The division of Jewry between Sephardim and Ashkenazim (I am referring here to the two major divisions, though of course a significant portion of Jewry falls in neither one of the two categories) has engendered many different theories and opinions.
The historian H.J. Zimmels in his book “Sephardim and Ashkenazim” cites the theory that the migration of the Jews after the destruction of the Temple took place in two directions. The Jews from the northern part of the Land of Israel went mainly to the north, those from the south went to the west. Owing to various external influences (e.g., absorption of sections of gentile populations, climatic conditions, etc.), the former developed through racial admixtures of Aramaean-Mongoloid-Alpine-Northern elements into the “Ashkenazi type,” while the latter, by a similar fusion of Oriental-Bedouin-Mediterranean racial elements, were turned into “Sephardim.”
Sephardim would often claim for themselves patrician Jewish origins; “these beliefs were current in the Middle Ages and in the centuries following them—that the Jews of Spain were the descendants of the noblemen in Jerusalem [the Tribe of Judah] while the Jews in Germany originated in the other parts of the Judean population,” writes Zimmel.

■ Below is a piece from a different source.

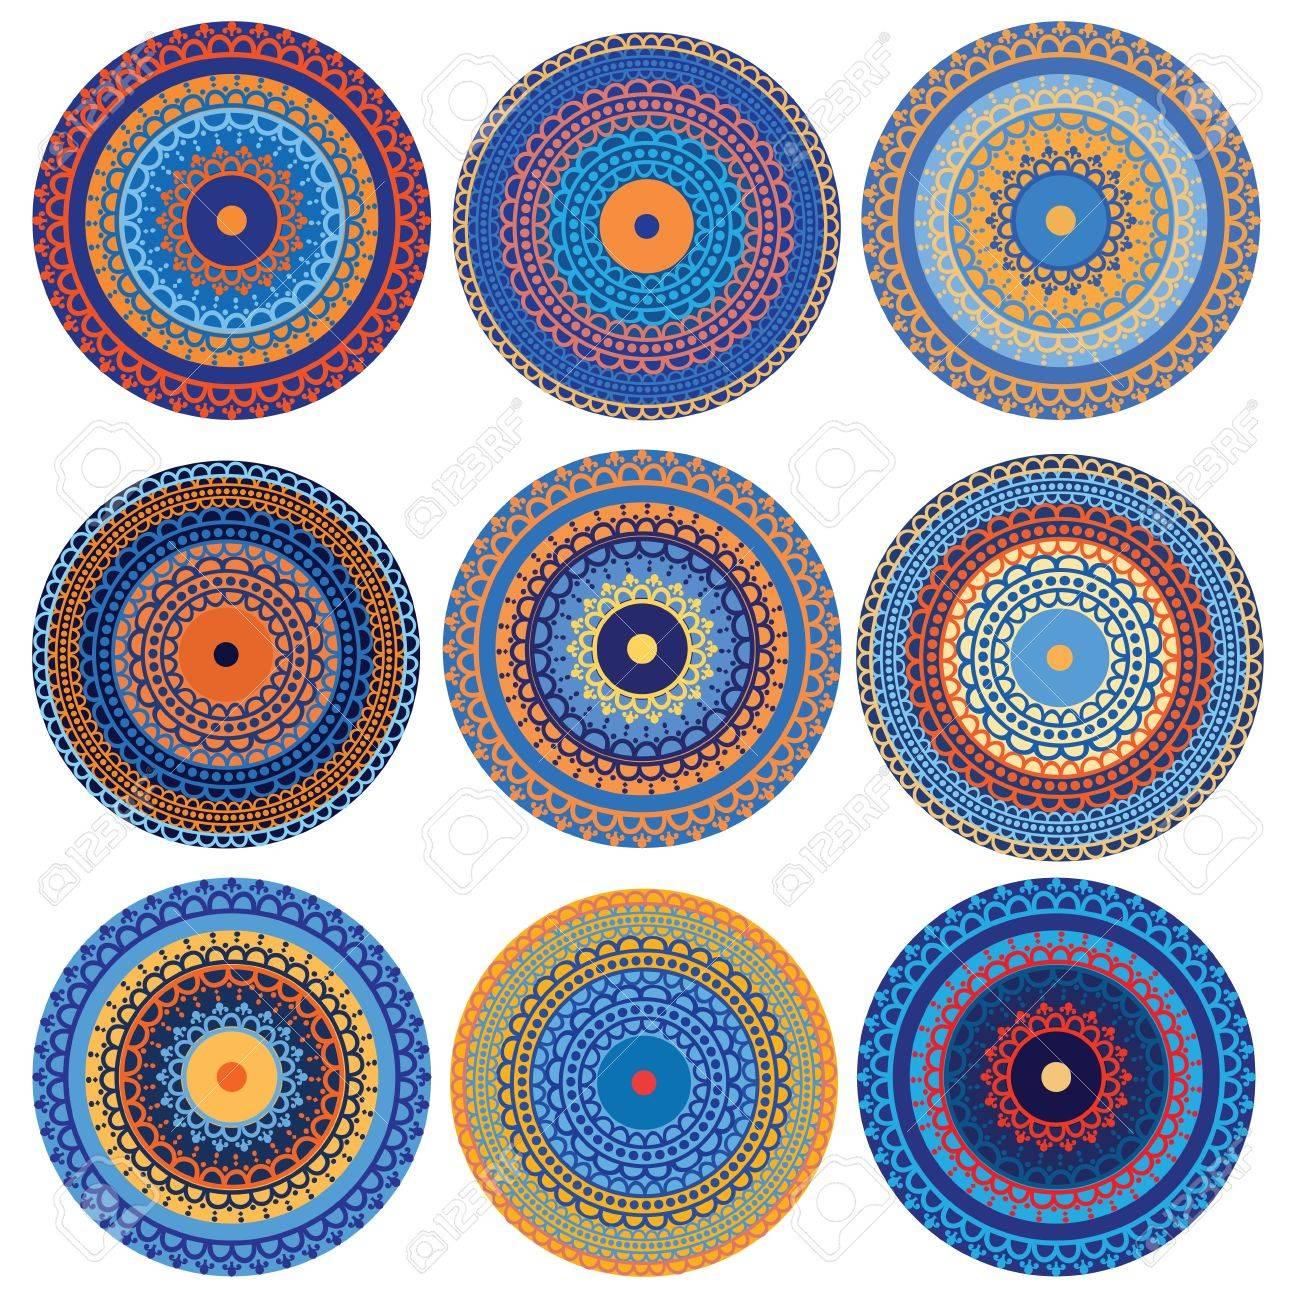 Colorful Henna Mandala design, very elaborate and easily editable Stock Vector - 10607177
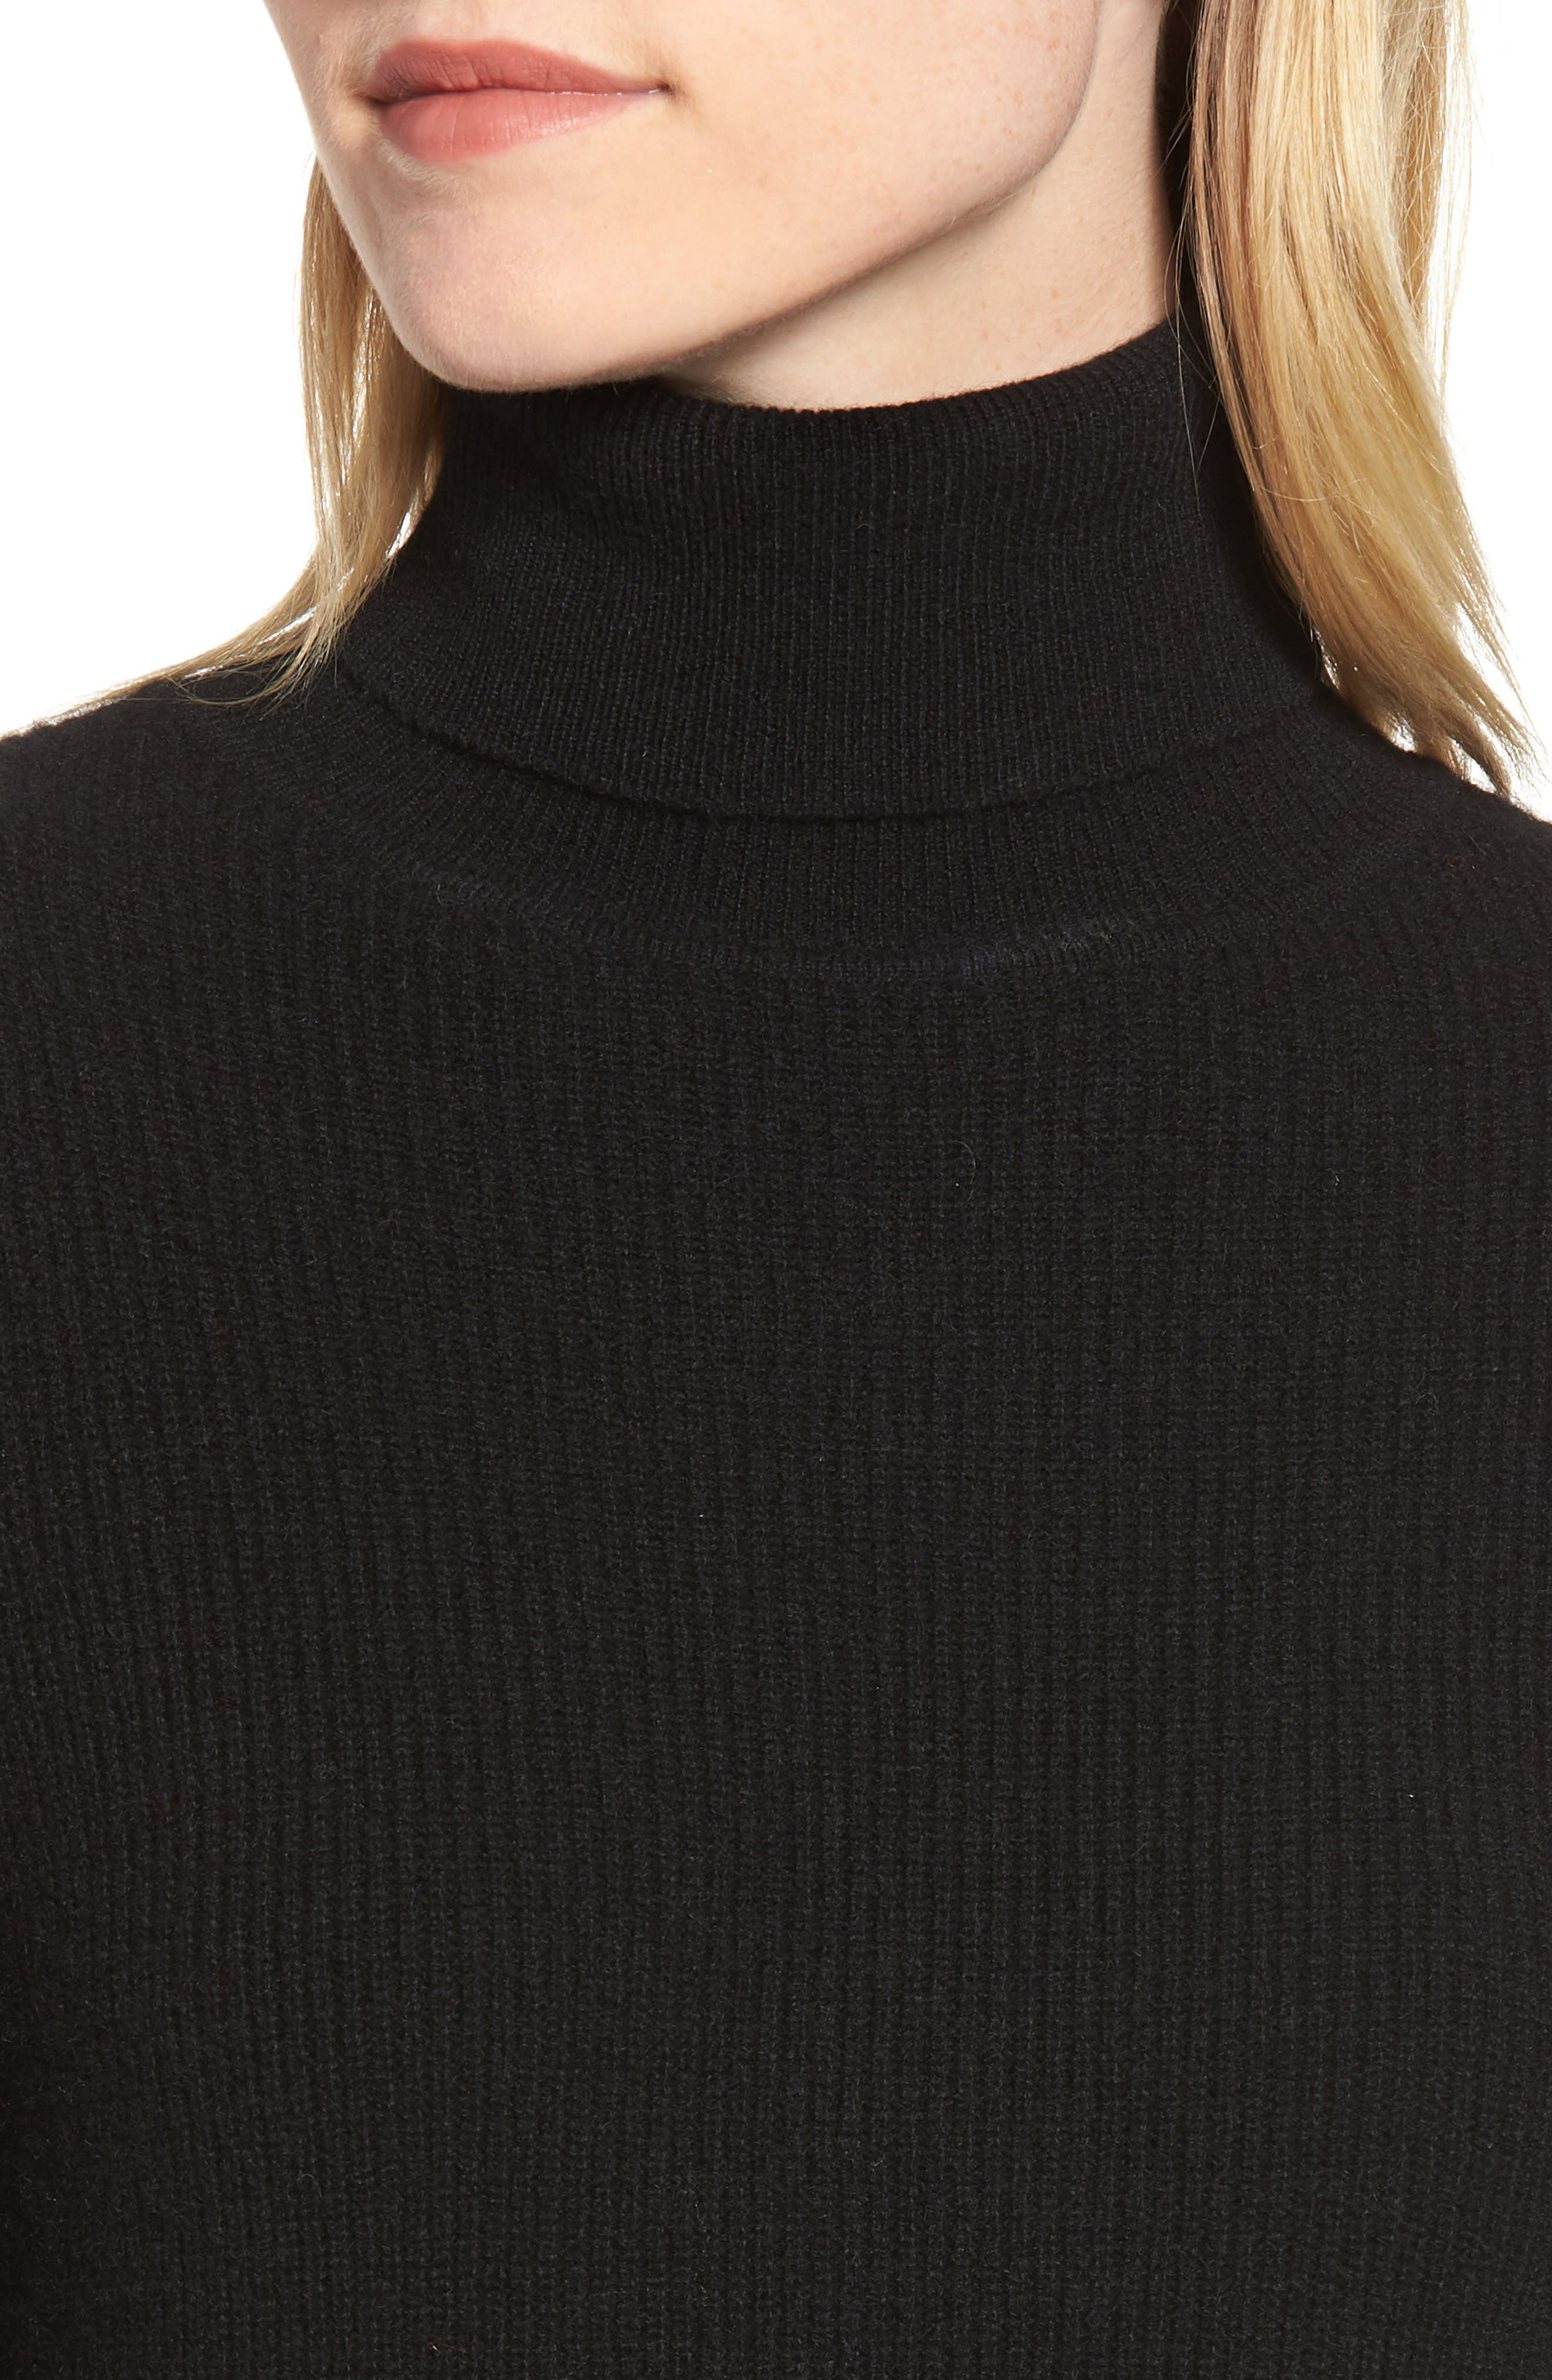 Cashmere Puff Sleeve Turtleneck,                             Alternate thumbnail 4, color,                             BLACK

Some modern “historians” have taken the division between Sephardim and Ashkenazim to ridiculous extremes and sought to strip the Ashkenazim of any Jewish connection. Perhaps the most famous proponent of this was the Hungarian-Jewish writer Arthur Koestler who in 1976 authored “The Thirteenth Tribe” (still a favorite of anti-Semites). Koestler sought to prove that the bulk of present-day Ashkenazic Jewry are not Semitic in origin but rather descended of a medieval Turkic-Mongol people called Khazars who converted to the Jewish faith.
And it wasn’t only the Ashkenazim who some in academia sought to “dejudaize”; in 1996, Dr. Paul Wexler published “The Non-Jewish Origins of the Sephardic Jews,” where he used linguistic, ethnographic and historical evidence to support his theory that the origins of Sephardic Jews are predominantly Berber and Arab.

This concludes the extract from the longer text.